| |
kordysz | 15.07.2016 10:58:22 |
Grupa: Użytkownik
Posty: 4 #2308304 Od: 2016-7-14
| Witam ponownie , na moj wczorajszy post odpowiedzialo kilka osob z czego jestem bardzo zadowolony ( http://kozolin2.iq24.pl/default.asp?grupa=216894&temat=441422 )
Postanowilem ze bede hodowal 2 kozki Anglonubijskie poniewaz sa dosc odporne na choroby oraz podoba mi sie ich umaszczenie , ale przejde do sedna oto kilka kolejnych pytan dotyczacych koz.

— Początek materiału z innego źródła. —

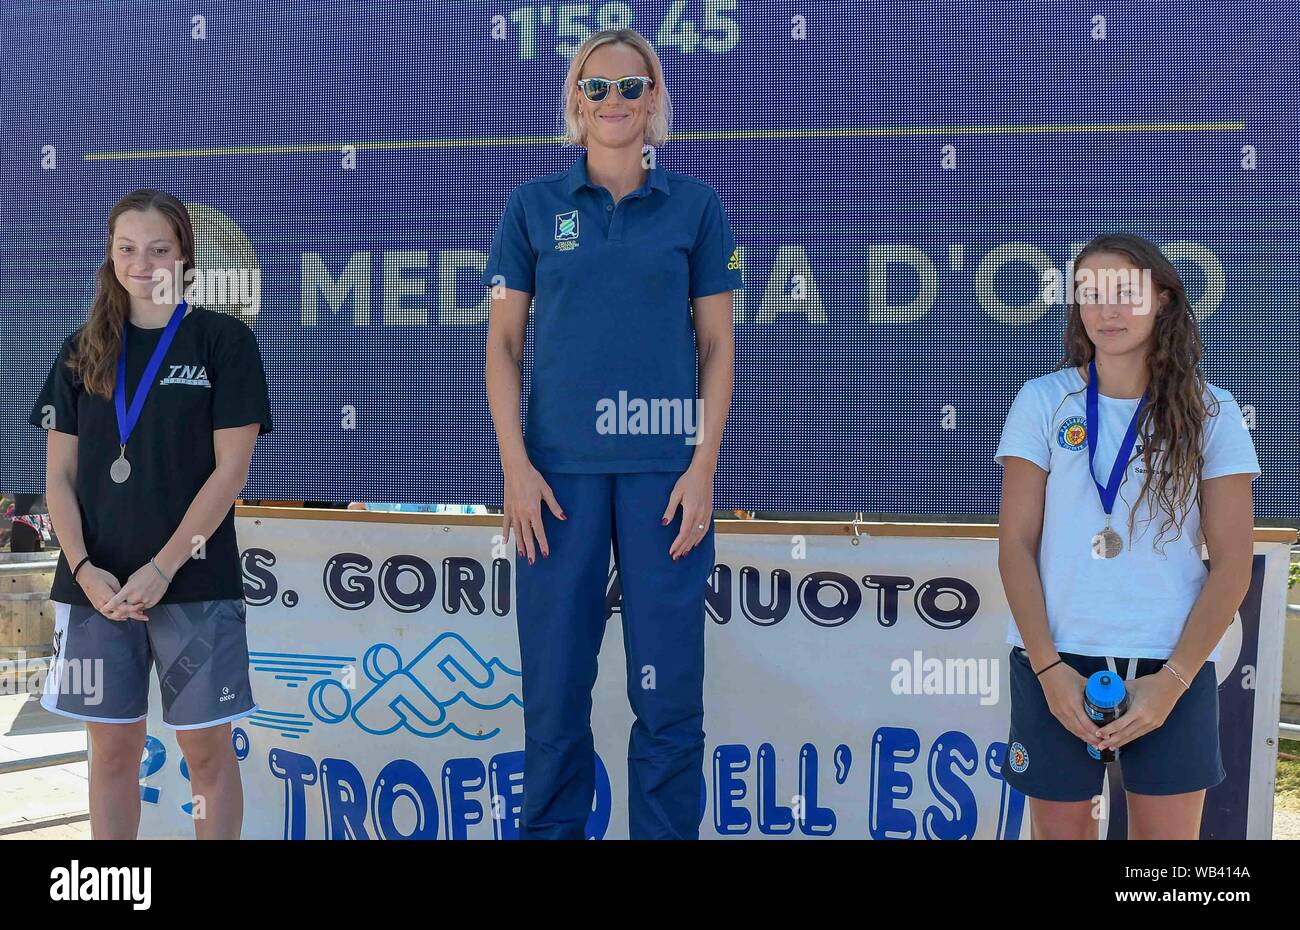 FEDERICA PELLEGRINI SUL PODIO DE 200SL durante el Trofeo dell'est 2019, Gorizia, Italia, 16 de junio de 2019, la natación Natación Foto de stock

1. Czy z 2 kozek AN bedzie 1-1,5 litra mleka dziennie? 2. Czy kozy daja mleko bez samca przez caly rok czy trzeba chociaz raz w roku je sparowac? 3. Jakie czynnosci pielegnacyjne nalezy wykonywac w stosunku do koz oraz czy sa to drogie sprawy 4. Jak czesto nalezy jezdzic z koza do weterynarza? 5. Czy stajenka zbudowana z desek a w srodku ocieplona steropianem wystarczy aby kozka nie bylo zimno w zimie (10-15 stopni na minusie)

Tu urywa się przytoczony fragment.